Online reviews of services and products are meant to give other consumers a quick idea of their quality. Though helpful in most cases, new research has pointed towards the possible disadvantages of becoming heavily reliant on reviews. The team behind a recent study discovered that consumers will often prefer a product with more reviews, regardless of its rating. The results of this fascinating study are published in Psychological Science.
Led by Derek Powell of Stanford University, the team sought to analyze the way people used reviews and ratings to choose products. They worked off real-world data showing that review numbers were not indicative of the true quality of a product. “It’s extremely common for websites and apps to display the average score of a product along with the number of reviews. Our research suggests that, in some cases, people might take this information and make systematically bad decisions with it,” explained Powell.

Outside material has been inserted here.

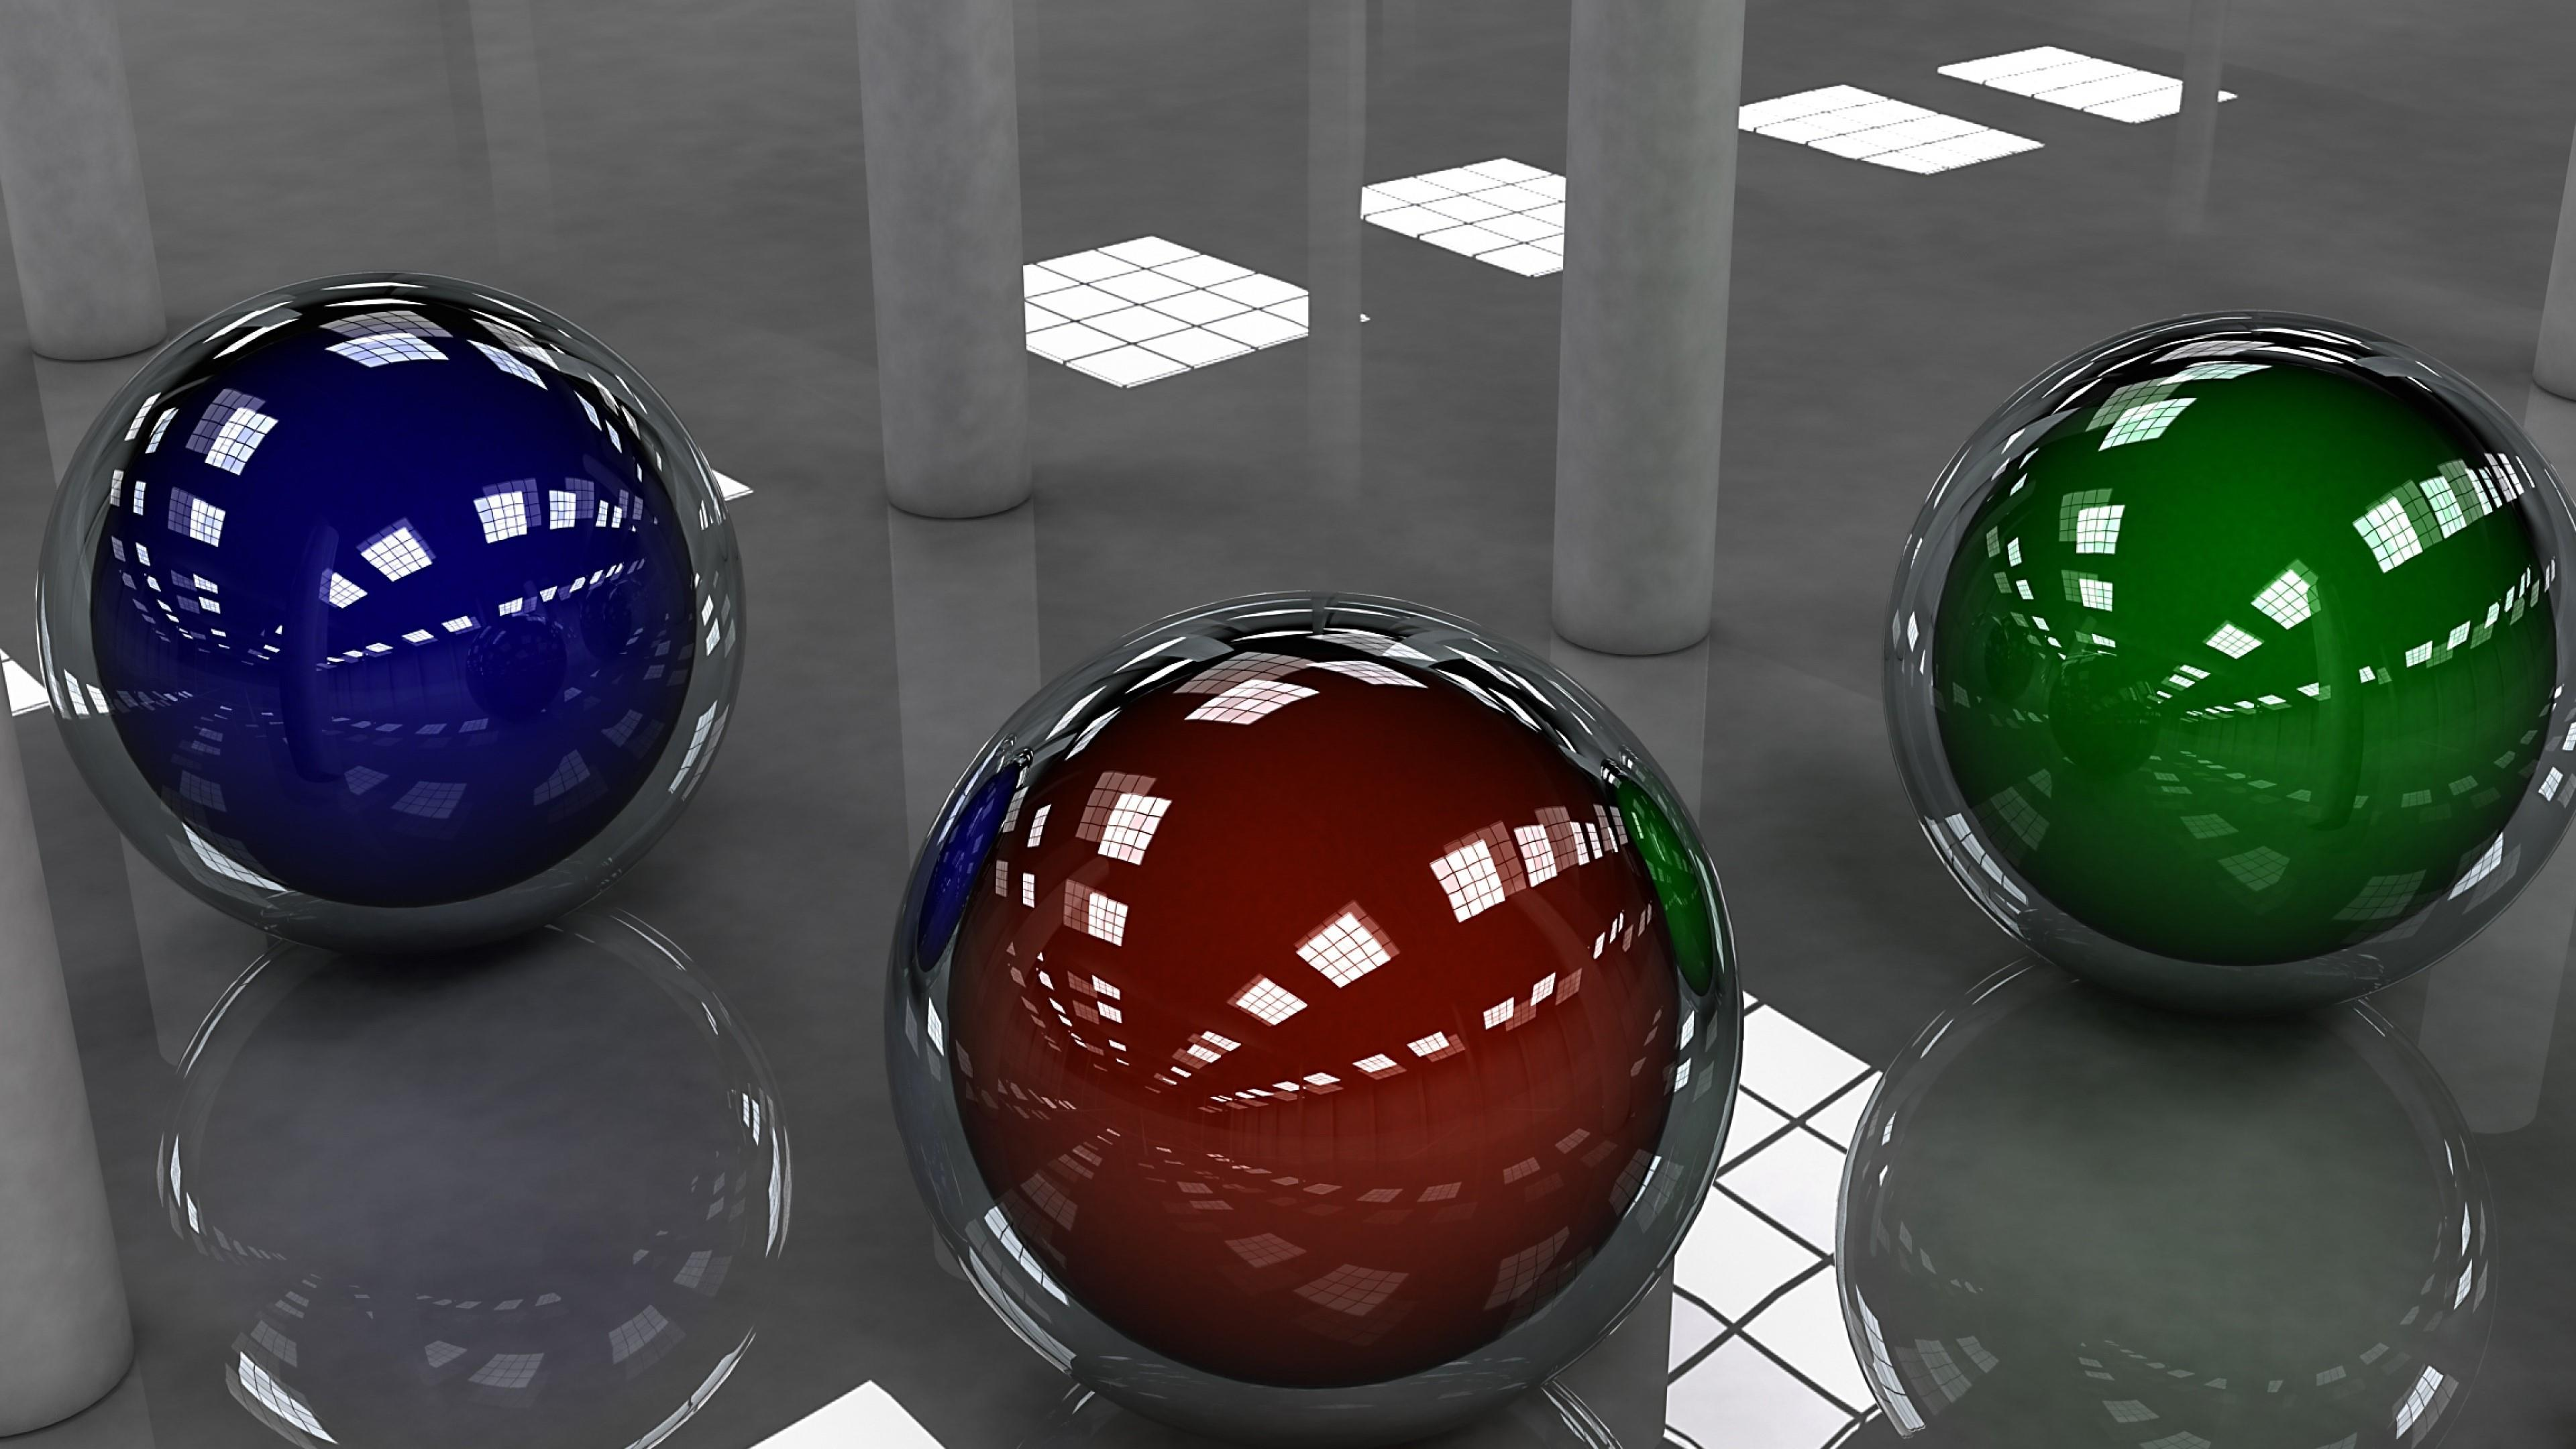 3D spheres in helmet - Digital art wallpaper

With this mind, they enlisted 132 adult participants in an online experiment to look at various phone cases, which were presented to them in pairs. Each phone had an average user rating and total number of reviews, and the phone cases with the greatest number of reviews were also the most-favored by the participants. This remained prevalent throughout the experiment, even when both phone cases had low ratings.

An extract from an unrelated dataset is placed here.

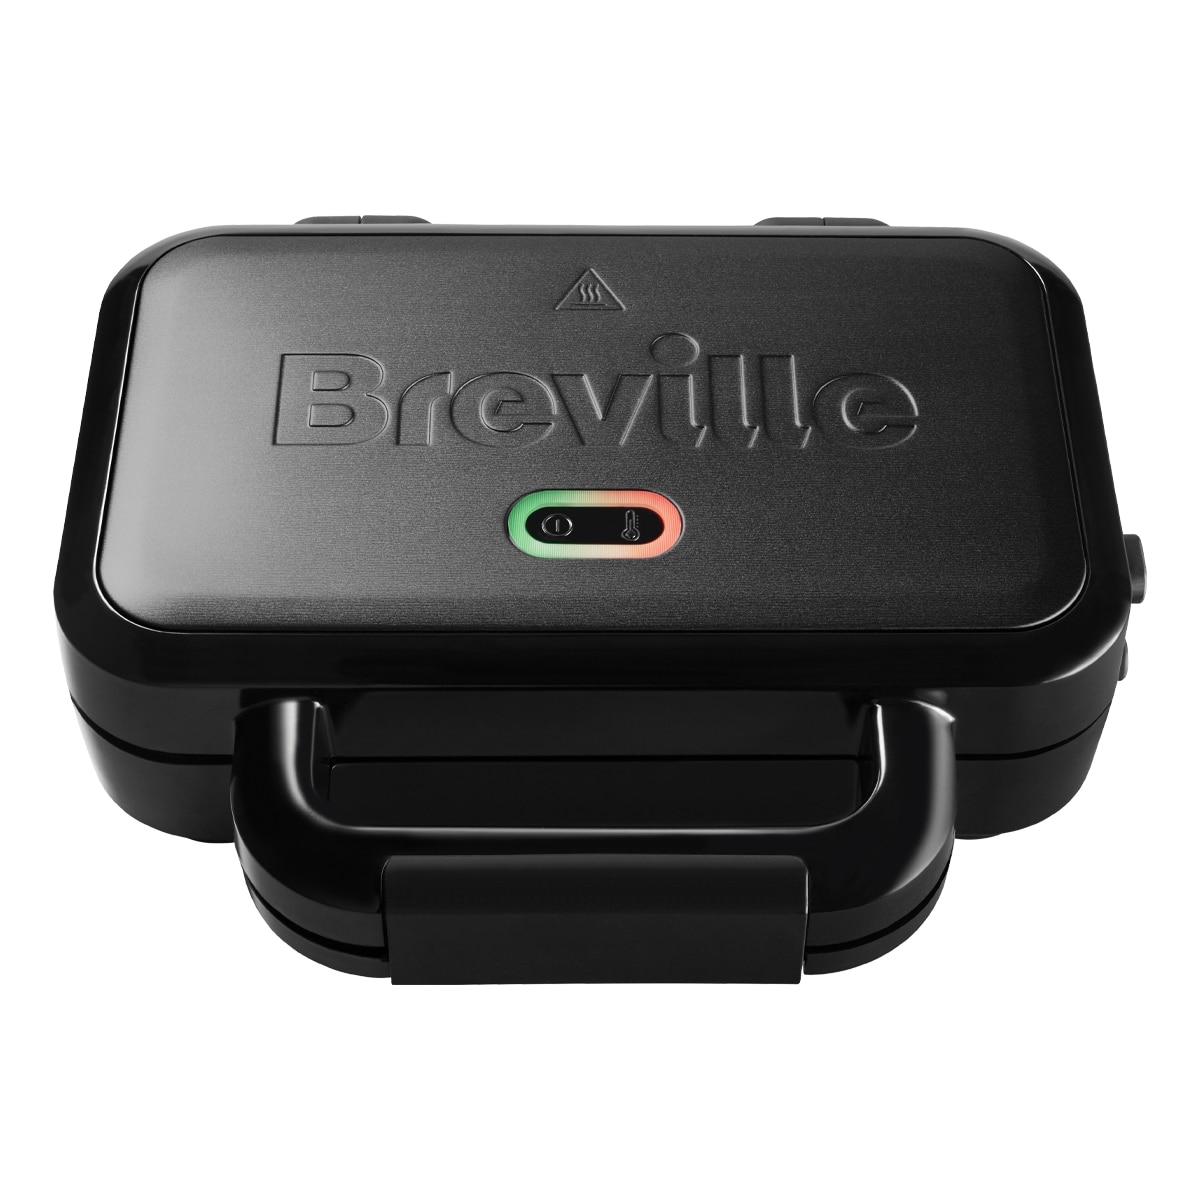 Fotografie Sandwich-maker Breville VST082X-01, 850 W, Extra Deep Fill Breville

The second experiment yielded the same results. For this part of their study, the researchers collected reviews from Amazon.com and used that data to create a statistical model of how consumers should select products, then compared that model against the behavior of the participants. “Under certain conditions, people preferred a product with more reviews to one with fewer reviews even though the statistical model indicated that the latter was likely to be of higher quality than the former,” the researchers wrote. They further noted that the vast majority of people used review numbers as a gauge of the product’s popularity and quality separately from the product’s average rating.

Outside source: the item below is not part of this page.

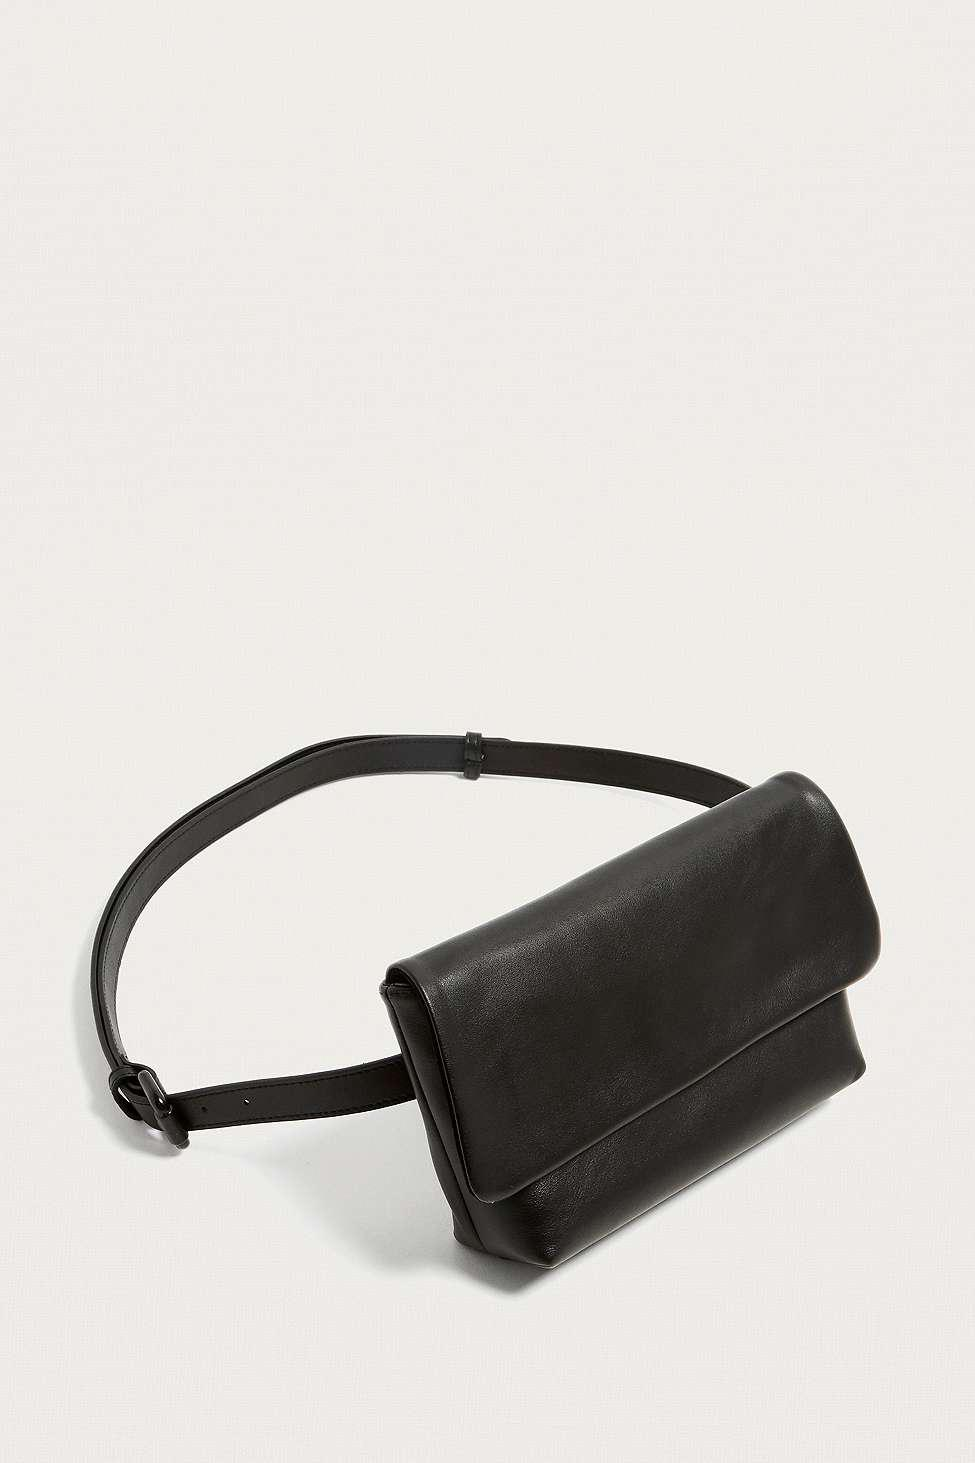 f36062004640f Vagabond Copenhagen Black Leather Bum Bag - Womens All in Black - Lyst

In a statement to ScienceDaily.com, Powell commented that their findings speak heavily of both consumers and retailers. “Consumers try to use information about other people’s experiences to make good choices, and retailers have an incentive to steer consumers toward products they will be satisfied with. Our data suggest that retailers might need to rethink how reviews are presented and consumers might need to do more to educate themselves about how to use reviews to guide their choices,” said Powell. (Related: Internet being wildly polluted with fake reviews, fake complaints against local businesses.)
Essentially, making smart purchasing decisions should be based on more than just review number. Keep in mind that many of these reviews can be faked or bought or not speak about the quality of the product at all. Lots of research and careful consideration should be put into every purchase lest your wallet suffer from it.